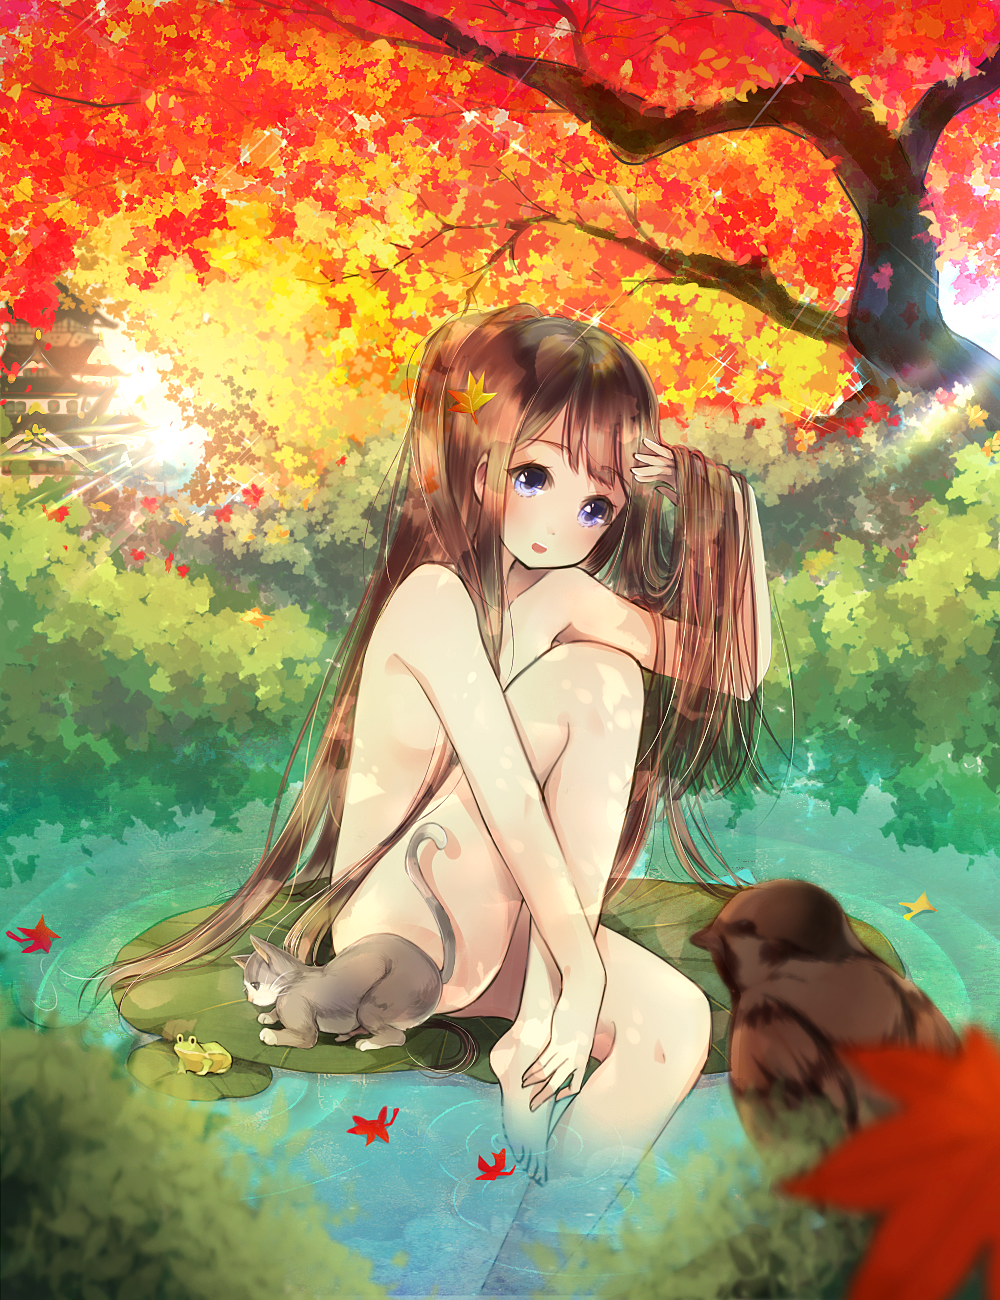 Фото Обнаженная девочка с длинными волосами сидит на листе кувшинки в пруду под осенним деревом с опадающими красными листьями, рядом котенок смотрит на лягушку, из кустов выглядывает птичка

_ _ _

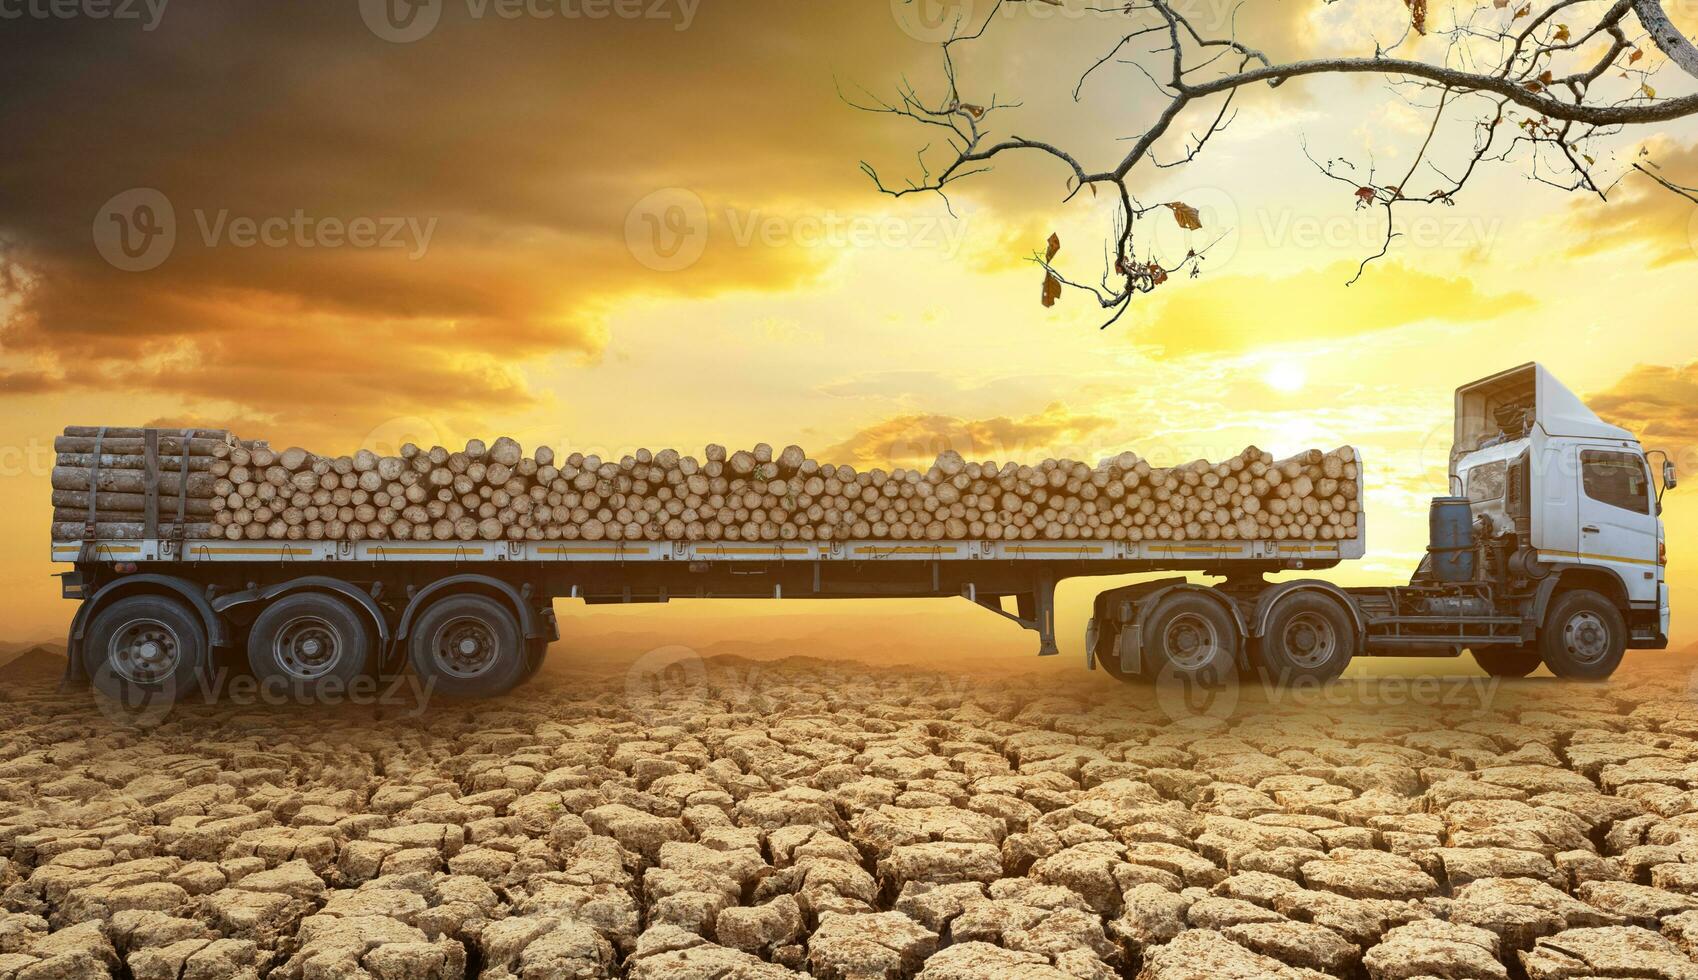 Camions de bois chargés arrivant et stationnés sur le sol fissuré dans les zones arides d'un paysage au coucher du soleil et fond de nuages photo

_ _ _

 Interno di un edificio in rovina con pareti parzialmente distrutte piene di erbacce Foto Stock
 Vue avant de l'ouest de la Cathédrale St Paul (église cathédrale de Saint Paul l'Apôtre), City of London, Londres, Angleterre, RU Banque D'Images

_ _ _

EXERCISE OBJECTIVE:
From the line holding "Interno di un" to the line holding "Vue avant de", inclusive, restate each line above exactly as written.

EXERCISE ANSWER:
 Interno di un edificio in rovina con pareti parzialmente distrutte piene di erbacce Foto Stock
 Vue avant de l'ouest de la Cathédrale St Paul (église cathédrale de Saint Paul l'Apôtre), City of London, Londres, Angleterre, RU Banque D'Images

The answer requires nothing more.